Dann ging sie durch die Drehtür, die ins Hotel führte, marschierte – die Augen strikt nach vorn gerichtet – an der Rezeption vorbei, wobei sie den Portier ignorierte, der mit einem Touristen sprach, der dem Klang nach aus New York stammte. Ihr Blick fiel auf die Wand mit den Schließfächern, gleich links von der Rezeptionstheke. Sie wartete, bis alle drei Angestellten an der Rezeption beschäftigt waren, bevor sie aktiv wurde.
Sie schaute sich um, ob jemand womöglich dasselbe tun wollte wie sie, zog einen Schlüssel aus ihrer Hüfttasche und steckte ihn in das Schloss von Schließfach 19. Sie drehte den Schlüssel um und öffnete die Tür. Alles war noch genau so, wie sie es zurückgelassen hatte. Olga Krantz entfernte sämtliche Scheine und die beiden Ausweise und stopfte alles in ihre Jackentasche.
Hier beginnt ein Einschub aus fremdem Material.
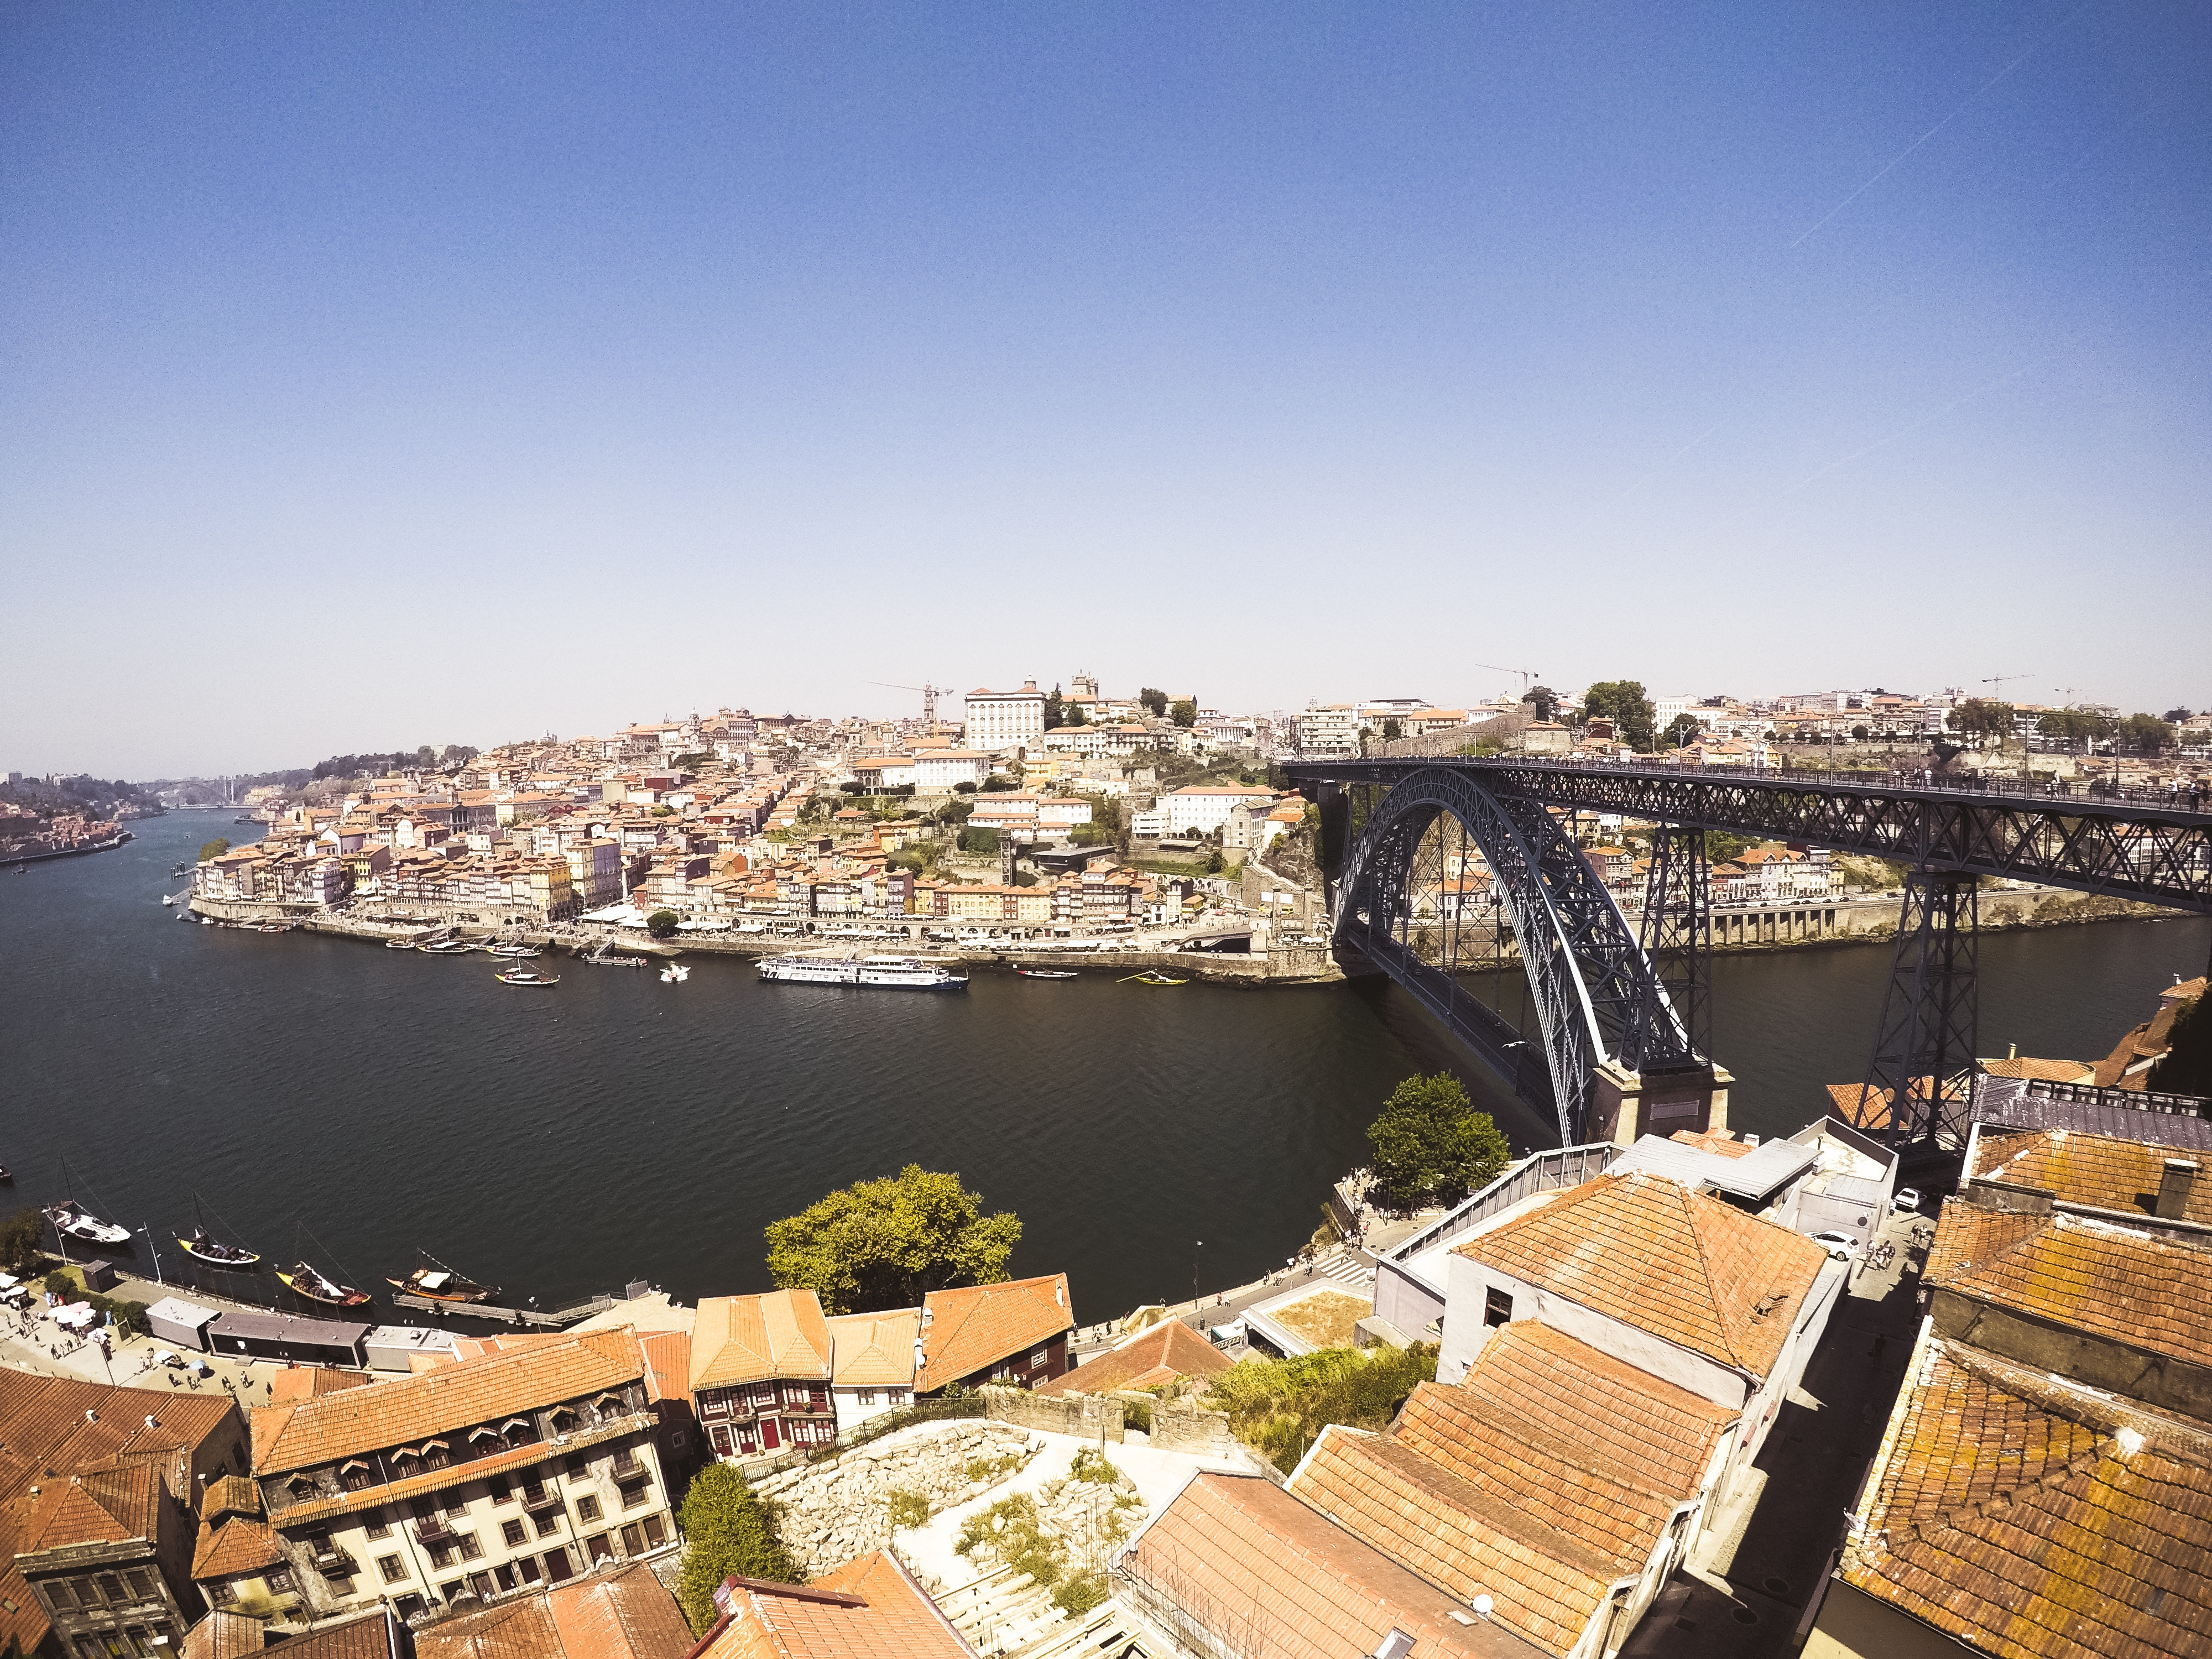 Vista panorâmica da cidade do Porto / Sadie Teper/Unsplash

Dann verschloss sie die Tür, verließ das Hotel und stand wieder auf der Straße, ohne mit jemandem gesprochen zu haben.
Sie winkte sich ein Taxi herbei, etwas, das sie in den Tagen, als die Kommunisten ihr ihren Job beigebracht hatten, nicht hätte tun können. Sie nannte dem Fahrer eine Bank in Tscherjomuschki, setzte sich auf den Rücksitz und dachte an Oberst Sergei Slatinaru – aber nur für einen kurzen Augenblick.
Sie bedauerte nur, dass sie nicht dazu gekommen war, ihm das linke Ohr abzuschneiden. Gern hätte sie es der Petrescu geschickt, als kleine Erinnerung an ihren Besuch in Rumänien.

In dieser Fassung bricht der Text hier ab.